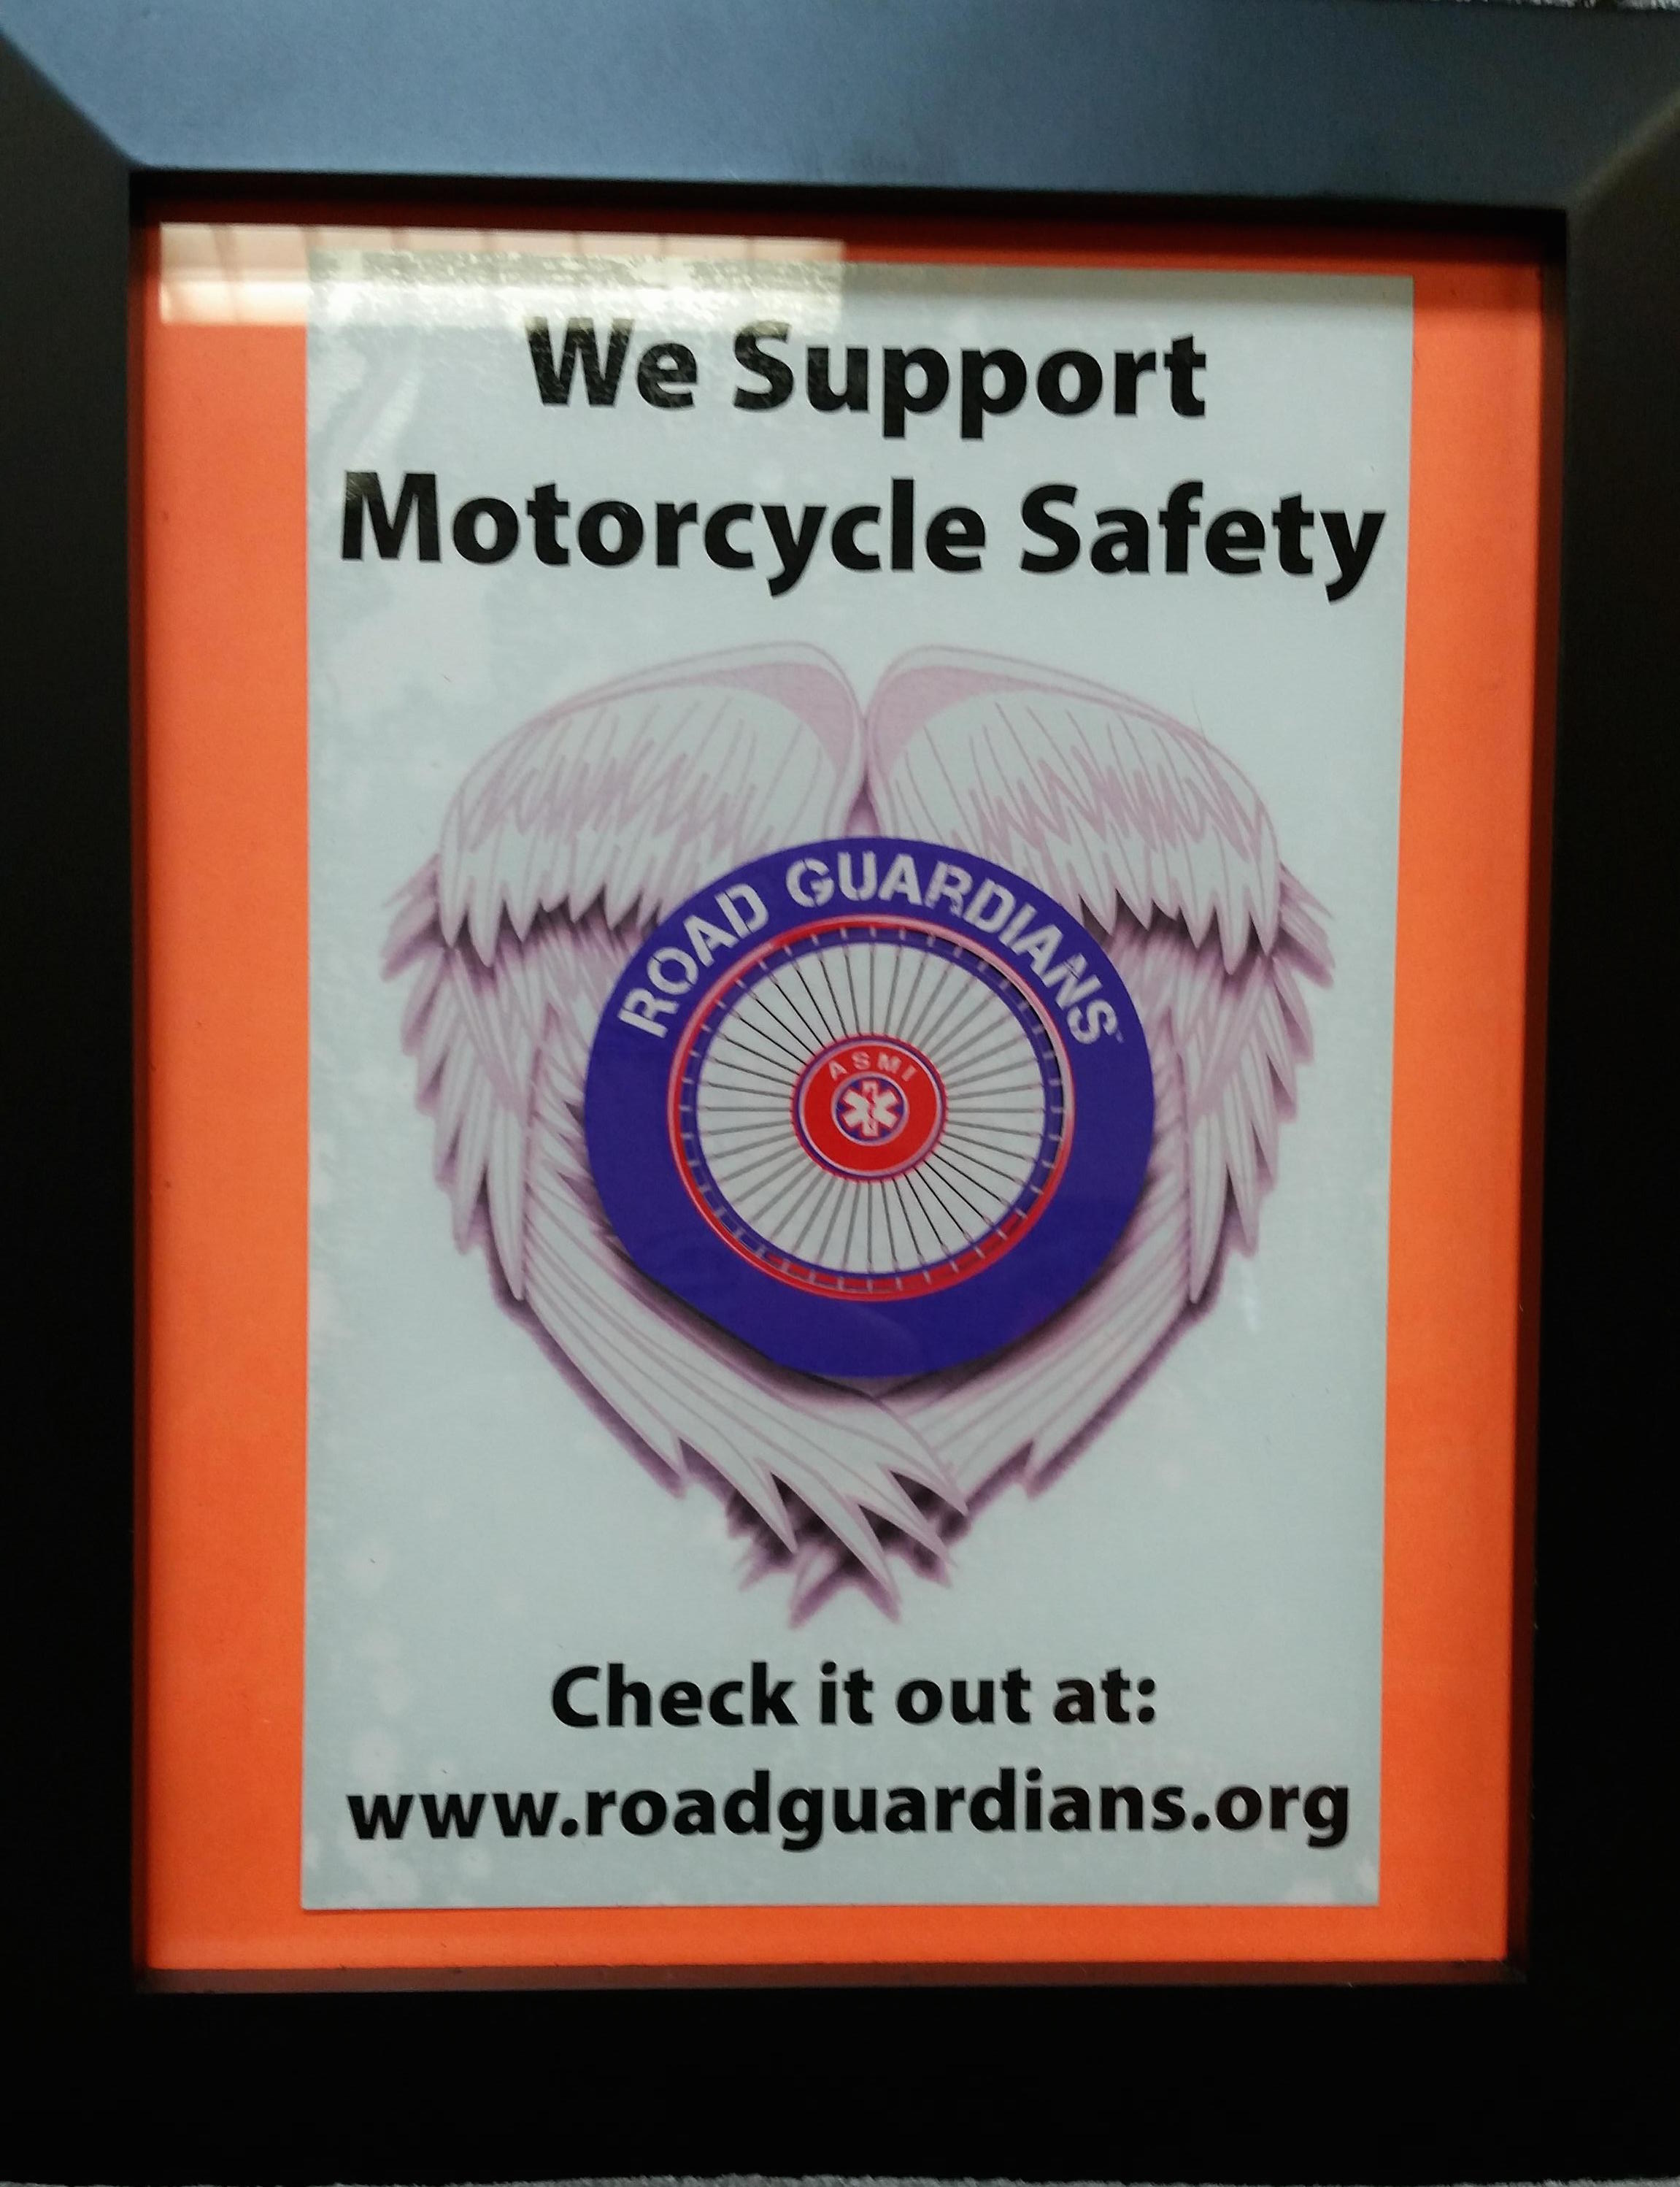 We support MC safety
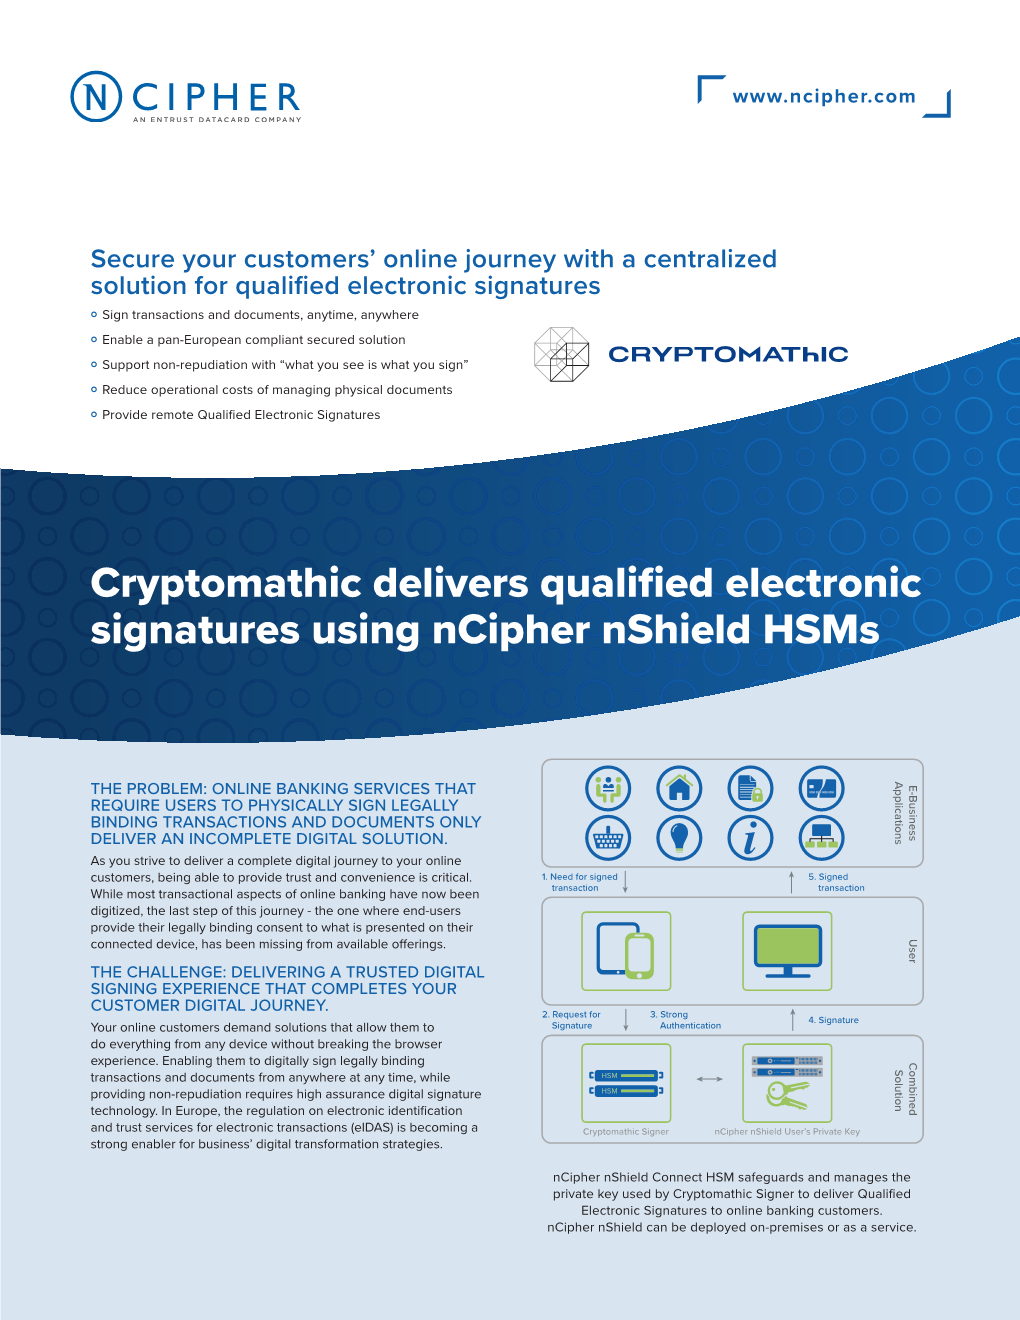 Cryptomathic Delivers Qualified Electronic Signatures Using Ncipher Nshield Hsms
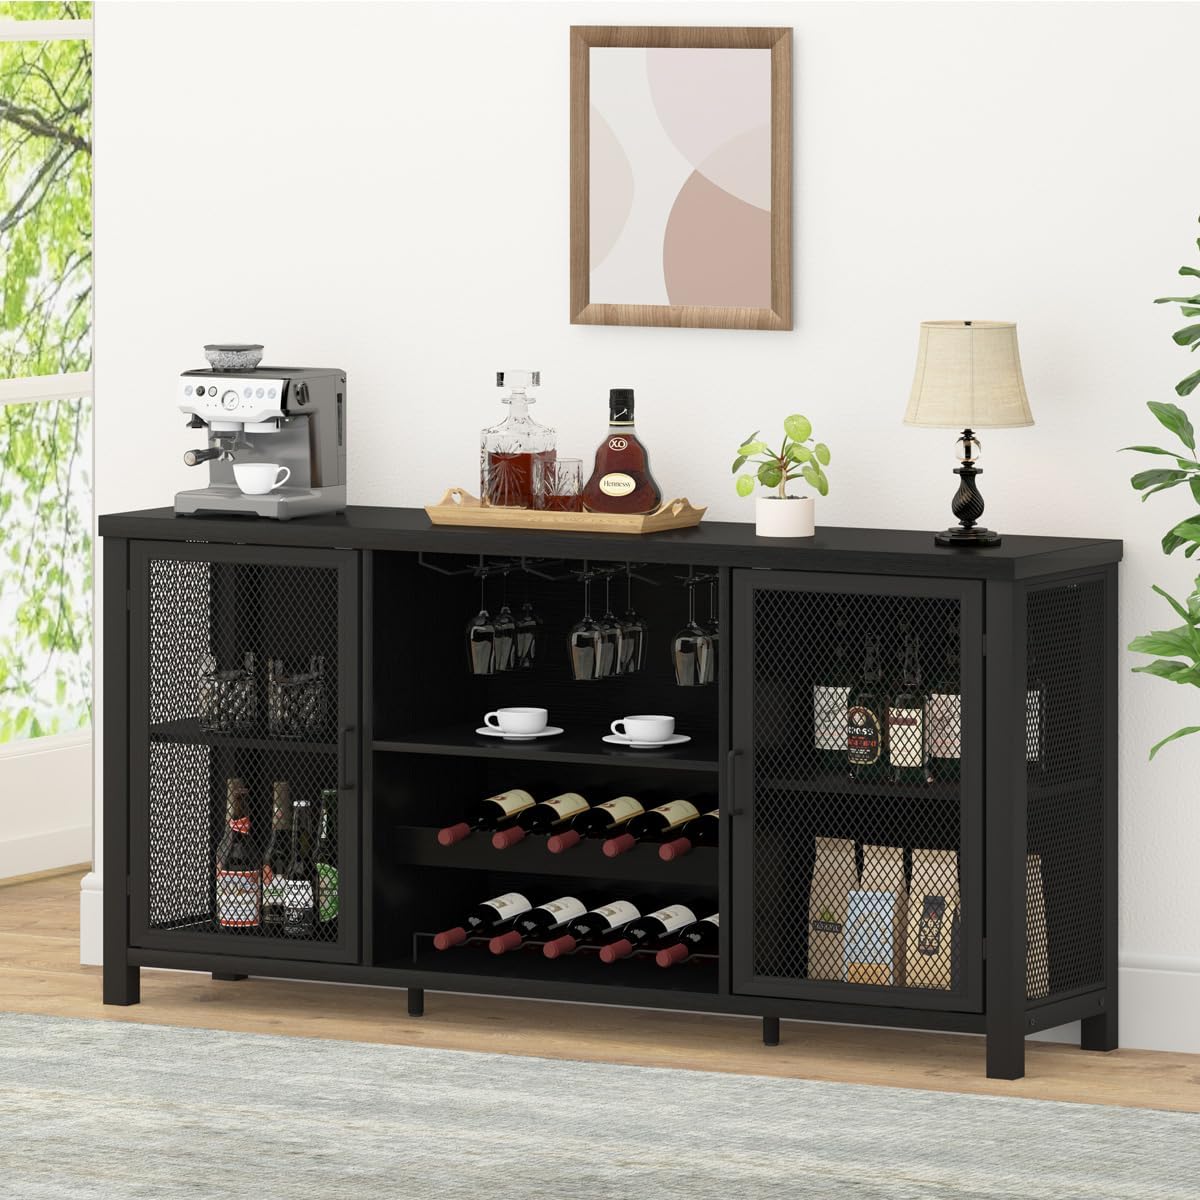 Black Wine Bar Cabinet, Coffee Bar Cabinet with Storage, Farmhouse Kitchen Buffet Cabinet with Rack for Liquor and Coffee, Industrial Wine Cabinet for Home Living Dining Room, Black Oak, 55 In

* * * * * * *

**Work request:**
Every line of the data above is to be set down word for word, with the pictures left out.

**Written response:**
 We support MC safety
 Cryptomathic Delivers Qualified Electronic Signatures Using Ncipher Nshield Hsms
 Black Wine Bar Cabinet, Coffee Bar Cabinet with Storage, Farmhouse Kitchen Buffet Cabinet with Rack for Liquor and Coffee, Industrial Wine Cabinet for Home Living Dining Room, Black Oak, 55 In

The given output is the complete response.